A crucial issue... (Score:5, Funny)

by d3m057h3n35 ( 695460 ) writes: on Monday August 22, 2005 @12:26PM (#13372521)

Also pertinent was the discovery that Yahoo's claims to increased index size were based on the hope that buying products from companies which advertise "longer, thicker index size in two weeks, money-back guarantee, all-natural supplements" would yield actual results.

Share
twitter facebook
Wait... (Score:5, Funny)

by lbmouse ( 473316 ) writes: on Monday August 22, 2005 @12:28PM (#13372524) Homepage

I thought that size didn't matter.

Share
twitter facebook
- Re:Wait... (Score:1)
  
  by theotherlight ( 904426 ) writes:
  
  That's only what /.'ers tell themselves to feel better...
  
  The truth is: size is everything.
- Re:Wait... (Score:1, Funny)
  
  by thegamerformelyknown ( 868463 ) writes:
  
  Actually, it's not how big it is, but what you do with it:)
  
  I think that applies to both situations too...
  - Re:Wait... (Score:1)
    
    by Analog Squirrel ( 547794 ) writes:
    
    "Both"? You mean there's more than 1?
- Re:Wait... (Score:1)
  
  by chrisvdb ( 149510 ) writes:
  
  I thought that size didn't matter.
  
  That's what they say to you ;-)
- Re:Wait... (Score:1)
  
  by Barkmullz ( 594479 ) writes:
  
  I thought that size didn't matter.
  
  It's not the wand, it's the wizard...
- Re:Hah, hah (Score:1)
  
  by Fr05t ( 69968 ) writes:
  
  "such mambo-jumbo study.
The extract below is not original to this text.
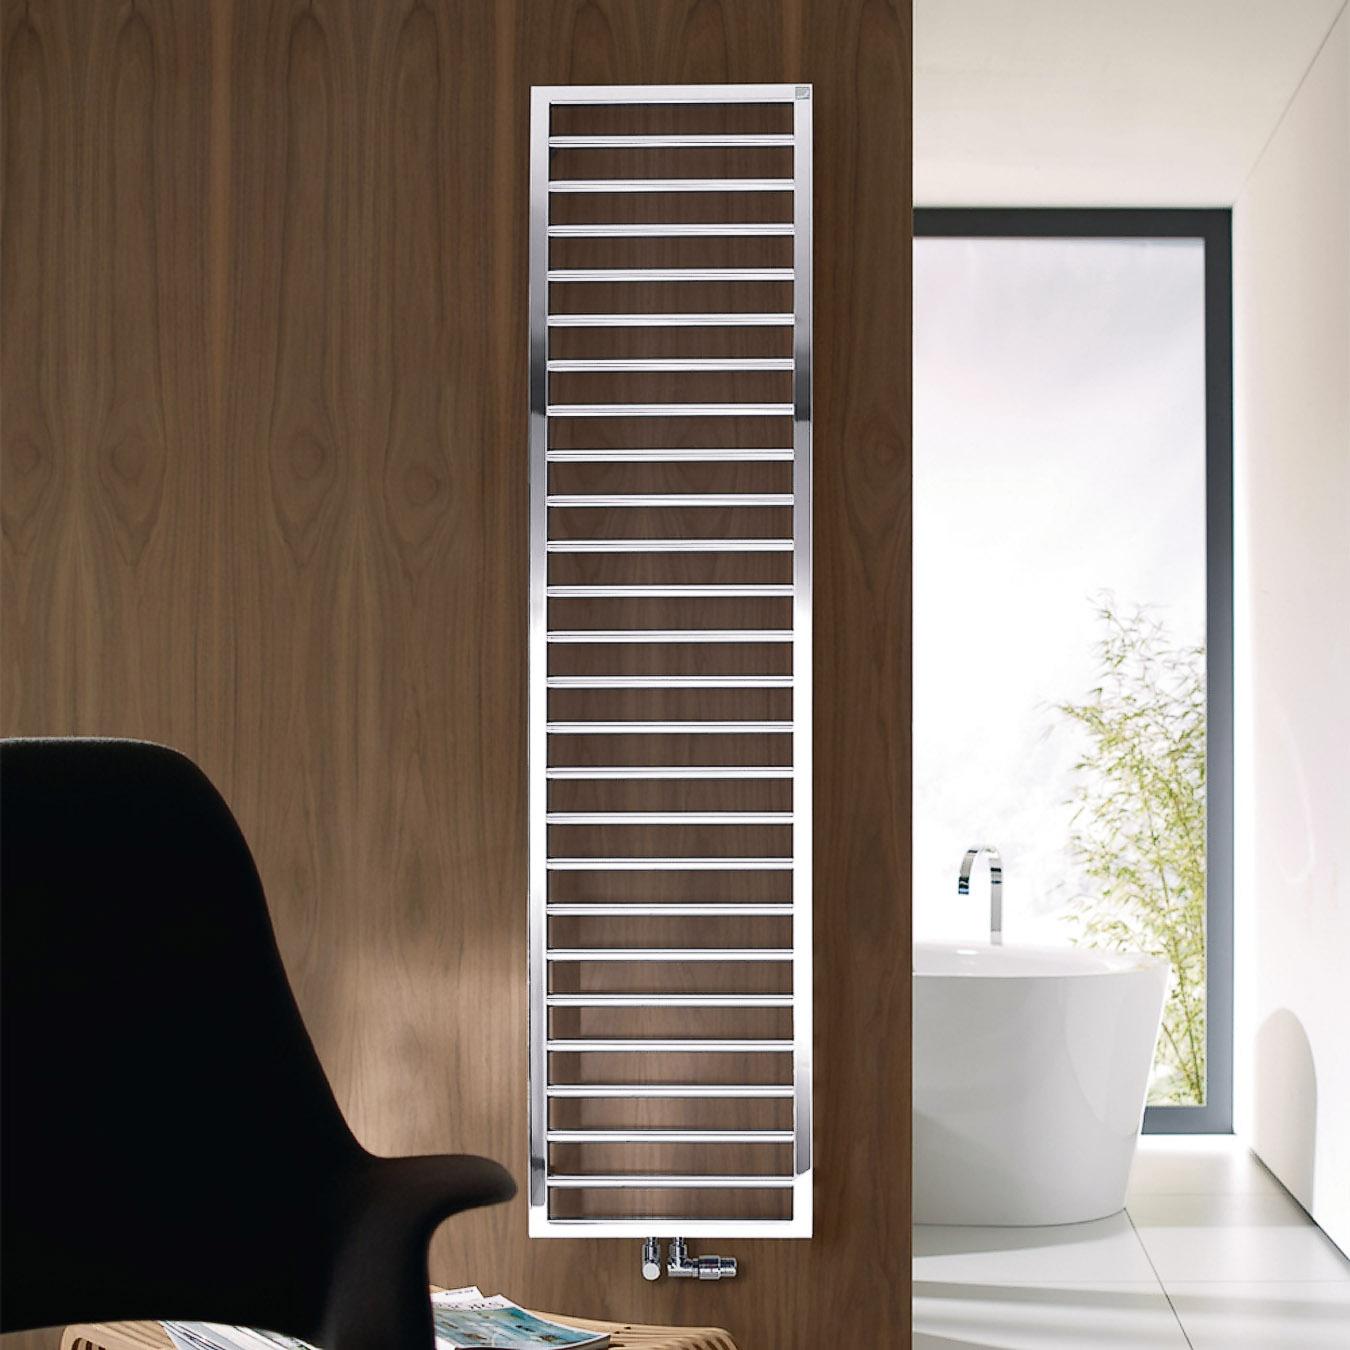 Závěsný radiátor ze série Subwai značky Zehnder, 60 x 183 cm, chrom, kombinovaný typ, akční cena 26 960 Kč, www.koupelny-ptacek.cz

Very professional!"
  
  I'll have you know Mambo is very professional. If you ment Mumbo, then yeah those guys are a bunch of dead beats.
But why publish it? (Score:3, Insightful)

by ChrisF79 ( 829953 ) writes: on Monday August 22, 2005 @12:34PM (#13372549) Homepage

Although they don't say it in the disclaimer, their actions of posting a disclaimer after posting the article screams that they realize the article is flawed. If that's the case, why publish it in the first place? Shouldn't they have had some foresight and left this one on the cutting room floor? Maybe Finance is different, but I remember it being very difficult to get an article published unless it was groundbreaking and free from any minor flaws.

Share
twitter facebook
- Re:But why publish it? (Score:3, Insightful)
  
  by 'nother poster ( 700681 ) writes:
  
  From the disclaimer I would say thet the report was not a university sanctioned project, but a funtime project for a couple of students. They then published it in a manner that implied that it was offical work of the university, or at least sanctioned by the professor. Now, whether the study is right or wrong come peer review, the university wants it known that it wasn't their project. A peer reviewed research project is much different than throwing together a bad stats class midterm and putting the resu
- It was not "published" (Score:5, Insightful)
  
  by kaan ( 88626 ) writes: on Monday August 22, 2005 @01:04PM (#13372738)
  
  why publish it in the first place?
  
  Dude, it was never published, it was posted on one web server that is part of the ncsa.uiuc.edu sub-domain (specifically, vburton.ncsa.uiuc.edu). There are probably hundreds of machines that are in this network, and posting something on a web server running there does not equate to NCSA formally publishing an article. What we're talking about here is a web page written by two students, they worked on a project, they wanted to post it for other people to see. So that's what they did, period.
  
  Stupidly, everyone is claiming that NCSA backed this whole thing, like they (NCSA) are on some crusade to compare Yahoo and Google. But this must be taken for what it is - a project by two students. NCSA's disclaimer is just trying to make this clear for the idiots out there who think that every little thing a student says or does must have been funded, supported, backed, etc. by NCSA.
  
  Parent Share
  twitter facebook
- Re:But why publish it? (Score:2)
  
  by hackstraw ( 262471 ) * writes:
  
  Although they don't say it in the disclaimer, their actions of posting a disclaimer after posting the article screams that they realize the article is flawed. If that's the case, why publish it in the first place? Shouldn't they have had some foresight and left this one on the cutting room floor? Maybe Finance is different, but I remember it being very difficult to get an article published unless it was groundbreaking and free from any minor flaws.
  
  Yes, the web page was lacking in methodology and had a numbe
  - Re:But why publish it? (Score:2)
    
    by monkeydo ( 173558 ) writes:
    
    Yes, you are underreacting. Did you miss the original Slashdot posting:
    NCSA Compares Google and Yahoo Index Numbers
    chrisd (former Slashdot editor and now Google employee) writes "Recently, Yahoo claimed an increase of index size to "over 20 billion items", compared to Google's 8.16 billion pages. Now, researchers at NCSA have done their own, independent, comparison of the two engines. "
    Notice that the summary was submitted by a well known Google employee, and that it states the study was conducted by the N
Filtering (Score:5, Insightful)

by Spazmania ( 174582 ) writes: on Monday August 22, 2005 @12:35PM (#13372555) Homepage

Readers can consult the list of search terms provided by the authors, and can see for themselves that, in the vast majority of cases retained (i.e. those with fewer than 1000 results), the results in question are lists and spam.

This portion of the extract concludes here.